In this case, the Secretary asserts that additional time is needed "to locate the hearing tape so that the hearing may be transcribed in preparation for the answer to be filed in this case." The Secretary argues that there is good cause for remand within the meaning of 42 U.S.C. § 405(g) and § 1383(c) (3). Section 405(g) provides in pertinent part:

The Court may, on motion of the Secretary made for good cause shown before he files his answer, remand the case to the Secretary for further action by the Secretary. . . .

The Secretary cites the legislative history of the above section in support of the proposition that loss or inaudibility of a hearing tape constitutes "good cause" for remand. See H.R. Rep. No. 96-944, 96th Cong. 2d Sess. 59 (1980). This legislative history must be read in the context of the language of the statute, which requires "good cause shown." A bare, unsupported assertion that a hearing tape has been lost does not constitute a showing of good cause. The Court reads the statute to require some fact-specific showing with respect to the circumstances leading to the unavailability or inaudibility of the hearing tape. Cf. Ouellette v. Heckler, 102 F.R.D. 940 (D. Me. 1984) (fact-specific showing of grounds for relief under Fed. R. Civ. P. 60(b) (1) required); Montrose, 579 F. Supp. at 242. An unsupported assertion that the hearing tape has been lost is clearly not sufficient "good cause shown" to remand this case on motion of the Secretary.

As a practical matter, however, proper judicial review of this case is not possible without a transcript of the hearing. Therefore, in order to protect Plaintiff's right of judicial review, it will be necessary to remand the case in order that the Secretary may locate the hearing tape or conduct a de novo hearing if the tape cannot be located. 1" Because the Secretary has not made a showing of good cause in support of the motion for remand and because the delay occasioned by the Secretary's unexplained loss of the hearing tape severely prejudices Plaintiff, the Court shall exercise its power to redress the prejudice that accrues to Plaintiff as a result of the Secretary's conduct.

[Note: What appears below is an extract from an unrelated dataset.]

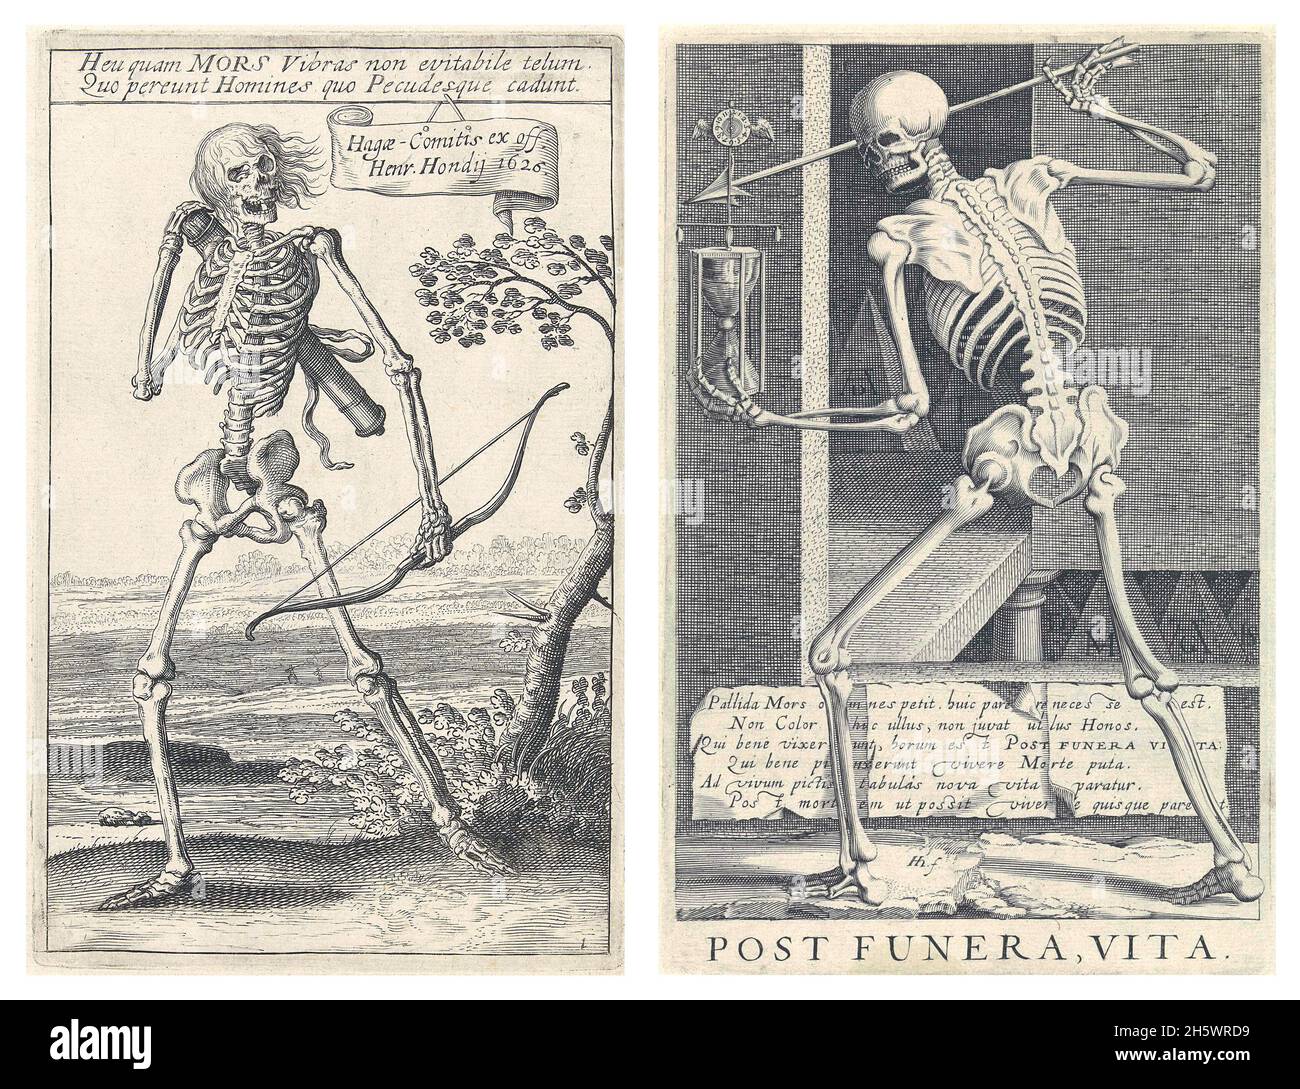 Historical illustrations of skeletons. Left: Death in the form of a skeleton with quiver on back and bow in hand by printmakers Hendrick Hondius I, Andries Jacobsz. Stock & Simon Frisius. Right: Allegory of celebrity after death. Death as a skeleton with an hourglass and an arrow. In the background, monograms of famous, deceased artists. Behind Death six lines in Latin. From the series Pictorum Aliquot Celebrium Praecipuae Germaniae Inferioris Effigies by Hendrick Hondius I, Simon Frisius, Andries Jacobsz. Stock & Robert de Baudous.  A digitally optimised composite of 2 historical images. Stock Photo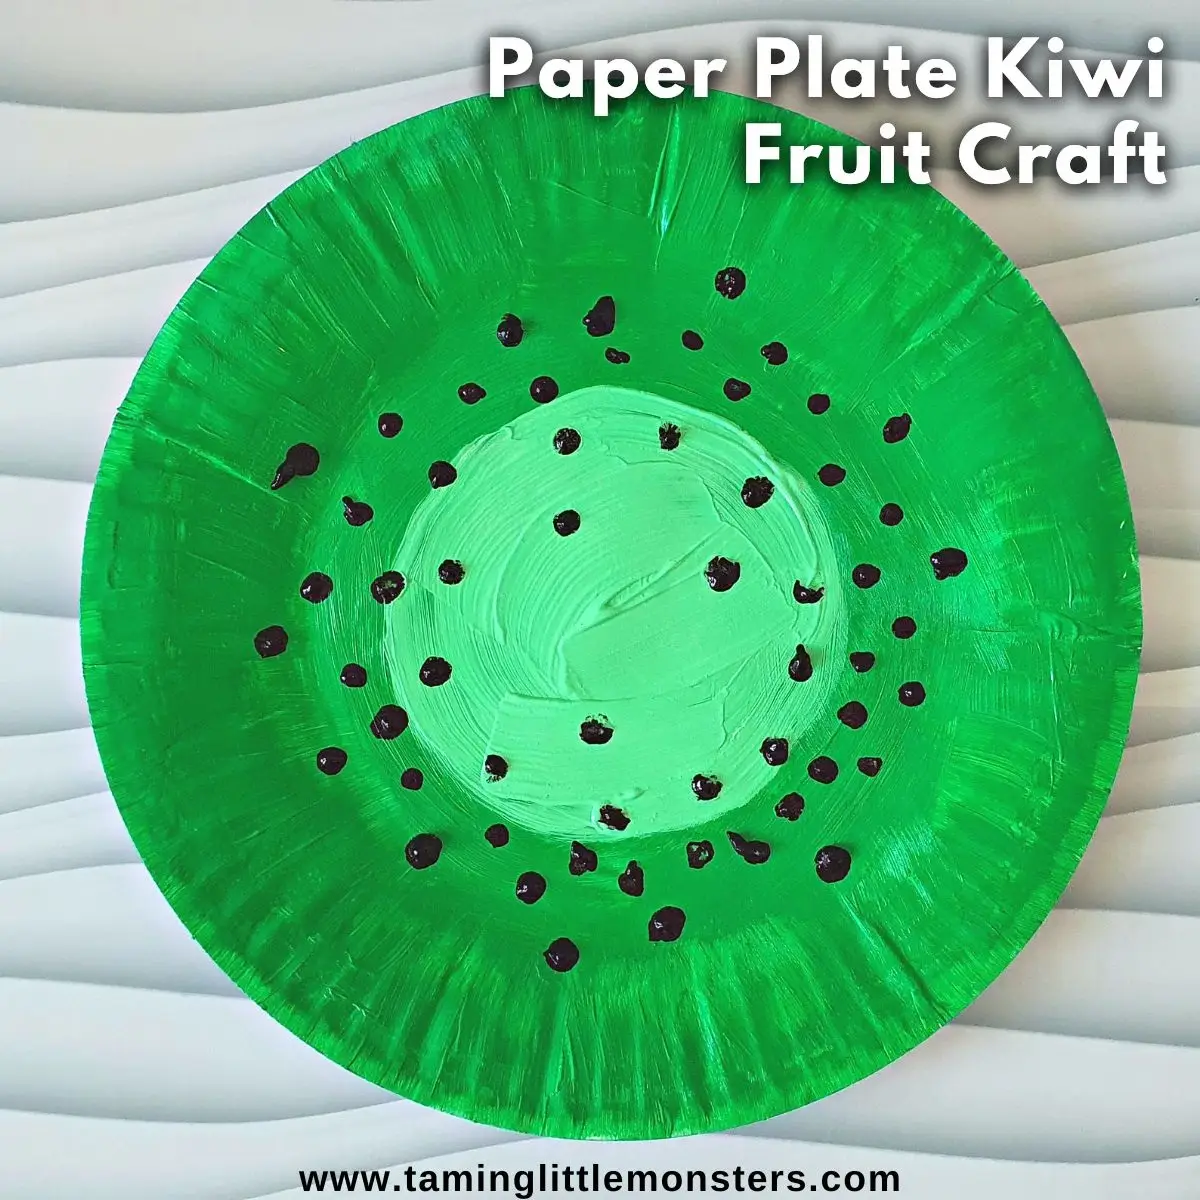 Easy Paper Plate Fish Craft for Toddlers and Preschoolers - Taming

See Alameda, supra; Montrose, supra. Accordingly, the Secretary shall reinstate the Plaintiff's benefits retroactively to the date of the initial termination and continue payment of them until such time as the Secretary renders a final judgment.


(1) that the Secretary's Motion to Remand be, and is hereby, GRANTED;

(2) that Plaintiff's Motion for Judgment on the Pleadings be, and is hereby, DENIED; and

(3) that Plaintiff's Motion for Order of Interim Benefits be, and is hereby, GRANTED; and the Secretary is ORDERED to reinstate and continue payment of said benefits (including all benefits unpaid to the date of such commencement) with all due expedition.


1. The Secretary also has moved for remand pursuant to the Social Security Disability Benefits Reform Act of 1984, which provides that the Court shall remand "all actions relating to medical improvement" pending before the Court on September 19, 1984. Pub. L. 98-460, § 2(d) (2). The Secretary contends that "it is clear from the papers filed in this case that 'medical improvement' is an issue" in this case. The Court has determined, on the contrary, that it is not possible to determine the nature of this case at this point, largely because the Secretary has neglected her duty to timely file an answer and a transcript of the administrative record. Therefore, remand is granted only on the grounds stated in the text of this opinion.